I am not willing to work on this anymore. As I said, I'm tired and drained of energy. So, please advise me from your personal experience with divorce, what may work best to make this a smooth transitiion. I am too tired to fight. I just want this burden to be gone. Please advise and thank you in advance!!


----------



## cosmicblu

Hello, Im in the same situation as well. Ive not found my answers either. Still waiting on more replies to mine below. my situation has periods of physical abuse as well though that adds to my reasons. even though he insists hes done with that, I feel it is too late for me and my feelings. Told him Im not in love with him anymore but during our most recent convo ive all but taken that back mostly because he was sitting there crying about all that he was loosing.
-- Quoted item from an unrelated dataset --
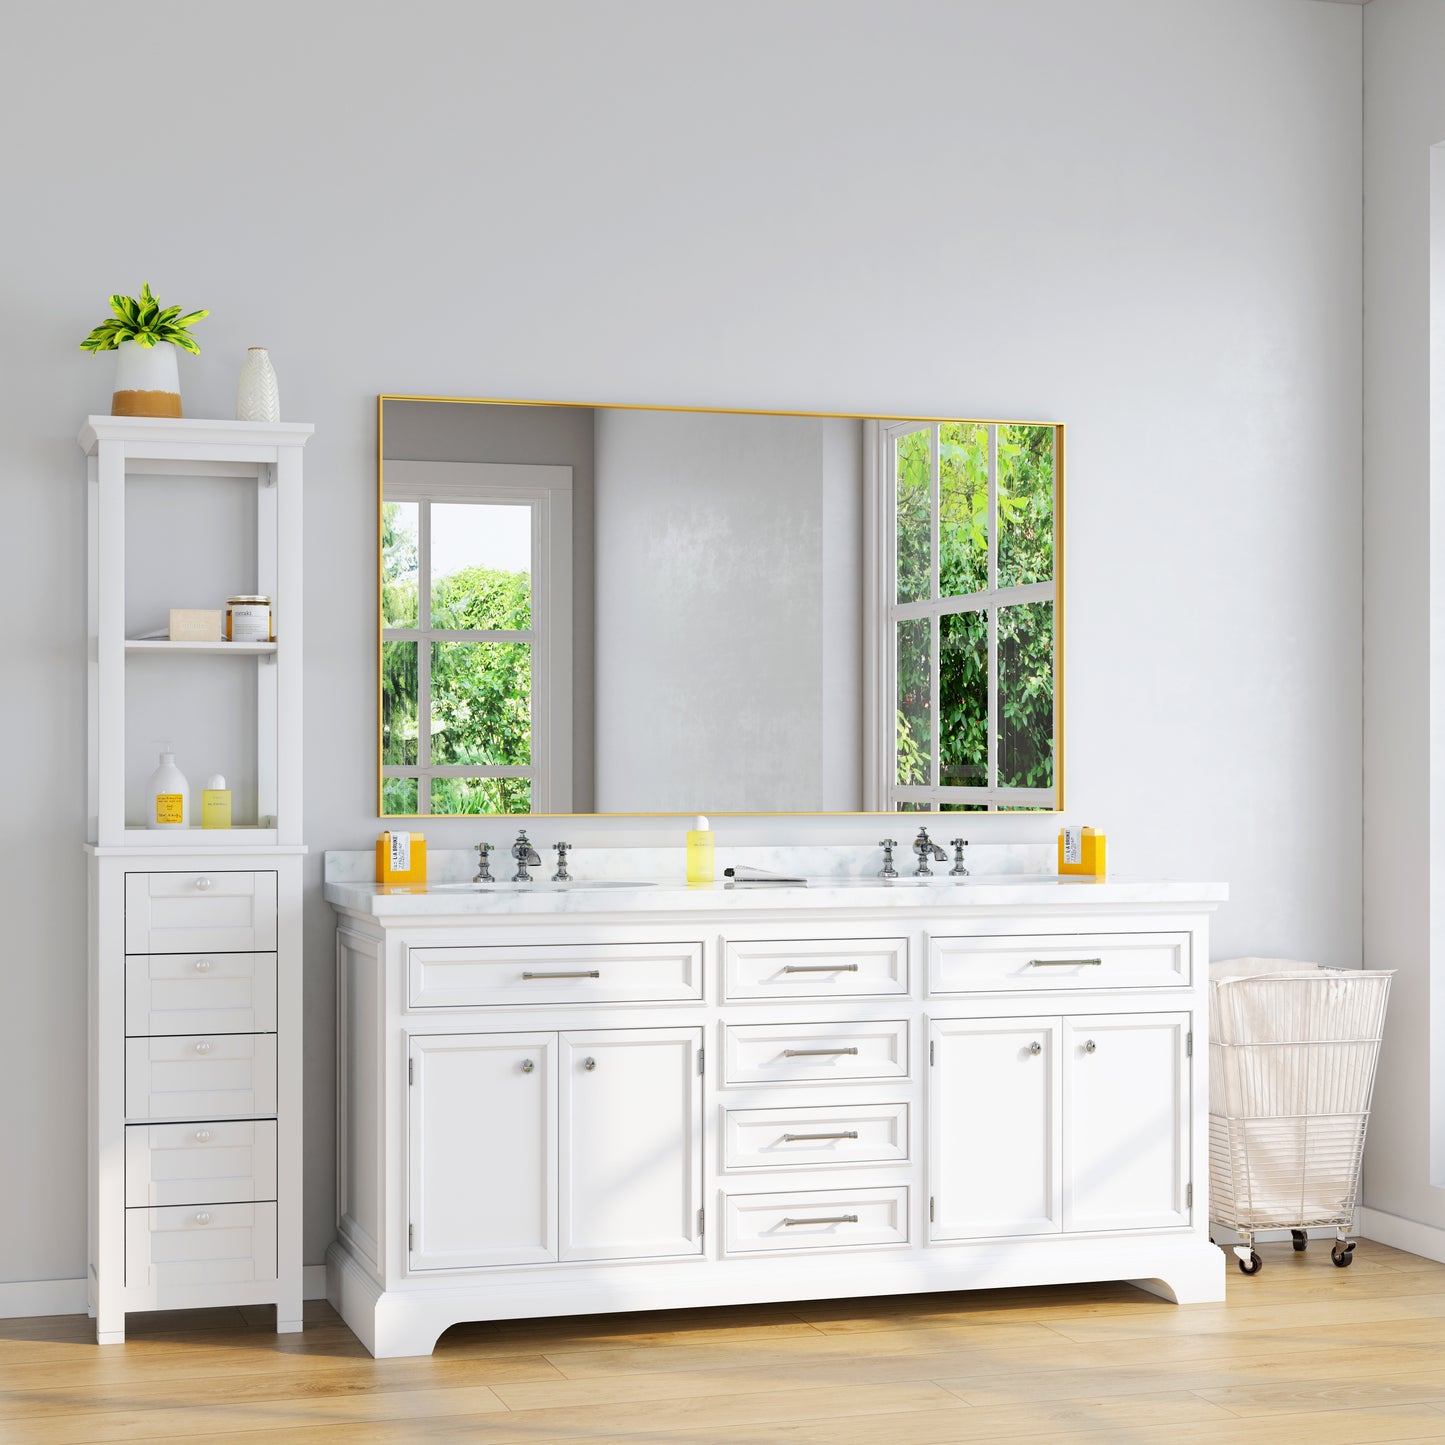 Waterpar® 55 in. W x 30 in. H Rectangular Aluminum Framed Wall Bathroom Vanity Mirror

Because I do love that man... but I just dont see him the same, have grown apart but keeping up the outward showing of emotions, but every time i do they way i really feel is in the back of my mind. I feel the same as you though, relief when he has to work like today on a saturday, or when he has to work later at nite. But anxious when hes here like i cant really relax. some of those things are also because of his temper and how easily he can snap about dumb things around here. I hope for quick answers for both of us! and your certainly not alone


----------



## golfergirl

cosmicblu said:


> Hello, Im in the same situation as well. Ive not found my answers either. Still waiting on more replies to mine below. my situation has periods of physical abuse as well though that adds to my reasons. even though he insists hes done with that, I feel it is too late for me and my feelings. Told him Im not in love with him anymore but during our most recent convo ive all but taken that back mostly because he was sitting there crying about all that he was loosing. Because I do love that man... but I just dont see him the same, have grown apart but keeping up the outward showing of emotions, but every time i do they way i really feel is in the back of my mind. I feel the same as you though, relief when he has to work like today on a saturday, or when he has to work later at nite. But anxious when hes here like i cant really relax. some of those things are also because of his temper and how easily he can snap about dumb things around here. I hope for quick answers for both of us! and your certainly not alone


Not an answer for you, but I know the feeling of enjoying time they are away. I describe it like being able to take a full deep breath. I feel like I shallow breathe when he's around. And I feel guilt. I'm doing the happy dance when he's gone and he's in tears when he leaves on business. Why do these crappy releationships bring them such 'happiness' for them and crap for us?
Can your talk be done in front of a counselor?
_Posted via Mobile Device_


----------



## toughmommy

tiredanddone said:


> Hi all,
> Obviously I'm new and need advice. I am tired and I am done. I want a divorce. I need help with HOW to tell my H I want a divorce. This news won't surprise him, but will make him very upset. I'm afraid he may become unstable and not sure how he will react. I also need advice on how to make the process the least financially draining and amicable. I do not want to cause either of us financial distress, nor am I looking to "rape" him of money or possessions. I just want this to be fair and amicable.
> 
> We have been married 20 years and have 3 children ages 17, 15 and 10. I have considered how this will affect them. I think we are putting them through more emotional harm if we remain married.
> 
> I fell out of love with this man years ago. *Marriage was not what I thought it would be, nor has he turned out to be the person I need. We have been through some very tough situations in our marriage; multiple deaths and he has gone through job losses several times. When the deaths of family members occurred, he "checked out" and left me dealing with everything. When he went through job losses, again I was left to handle the financial issues and decisions to handle our situation. I am so tired of being married to this man. He is like another child to me. When he is gone for the night for work, I feel so relaxed and relieved. When he is around I feel tense and anxious. I CAN'T live this way anymore. Yes, I have reached the point where I am done. I know all too well that life is too short to endure unhappiness.*
> 
> 
> Are you me? I am living what you write above. I want out too. Did get him to go to marriage counseling but I don't think a marriage counselor can make someone grow up. I am so tired, drained and discouraged. If he did "change" I wouldn't trust it and just fear the next time a biggie happens when I need him to be left to take care of it all by myself yet again. I can't live the rest of my life like this either. I need to be married to a grown man capable of sharing responsibility with me not a child disguised in a man's body.


----------



## cosmicblu

golfergirl-- no he wont do counseling, doesnt believe in it so he certainly wont spend the $ on it..


----------



## golfergirl

cosmicblu said:


> golfergirl-- no he wont do counseling, doesnt believe in it so he certainly wont spend the $ on it..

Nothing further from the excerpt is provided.